*** EXTRACTED DATA ***
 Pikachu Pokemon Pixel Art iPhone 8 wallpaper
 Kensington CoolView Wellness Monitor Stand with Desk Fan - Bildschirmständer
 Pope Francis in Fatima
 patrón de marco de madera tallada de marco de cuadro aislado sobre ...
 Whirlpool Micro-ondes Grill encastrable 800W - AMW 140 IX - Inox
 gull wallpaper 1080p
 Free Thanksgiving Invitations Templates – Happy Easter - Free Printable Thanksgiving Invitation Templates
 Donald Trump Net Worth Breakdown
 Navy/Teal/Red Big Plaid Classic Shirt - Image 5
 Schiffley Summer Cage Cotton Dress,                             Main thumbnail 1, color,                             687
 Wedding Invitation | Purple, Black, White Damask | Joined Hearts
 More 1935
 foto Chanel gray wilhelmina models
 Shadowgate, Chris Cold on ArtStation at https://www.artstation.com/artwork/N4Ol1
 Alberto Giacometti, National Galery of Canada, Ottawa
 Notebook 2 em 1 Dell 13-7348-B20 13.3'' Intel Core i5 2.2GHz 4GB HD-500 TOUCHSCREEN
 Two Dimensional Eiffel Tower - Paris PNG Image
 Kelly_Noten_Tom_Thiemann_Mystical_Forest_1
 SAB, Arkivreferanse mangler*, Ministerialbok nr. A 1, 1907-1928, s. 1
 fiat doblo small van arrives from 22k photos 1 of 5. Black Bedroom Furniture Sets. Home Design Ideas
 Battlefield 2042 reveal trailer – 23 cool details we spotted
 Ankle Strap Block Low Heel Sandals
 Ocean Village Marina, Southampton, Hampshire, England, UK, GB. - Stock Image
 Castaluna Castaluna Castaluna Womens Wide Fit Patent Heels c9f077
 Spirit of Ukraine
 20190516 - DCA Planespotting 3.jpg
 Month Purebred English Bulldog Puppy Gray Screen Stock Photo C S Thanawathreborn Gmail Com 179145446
*** End of EXTRACTED DATA ***
**YOUR ASSIGNMENT**
Out of the data above, give again only the lines starting at the one holding "Whirlpool Micro-ondes Grill" and ending at the one holding "Navy/Teal/Red Big Plaid", unchanged.

**EXERCISE ANSWER**
 Whirlpool Micro-ondes Grill encastrable 800W - AMW 140 IX - Inox
 gull wallpaper 1080p
 Free Thanksgiving Invitations Templates – Happy Easter - Free Printable Thanksgiving Invitation Templates
 Donald Trump Net Worth Breakdown
 Navy/Teal/Red Big Plaid Classic Shirt - Image 5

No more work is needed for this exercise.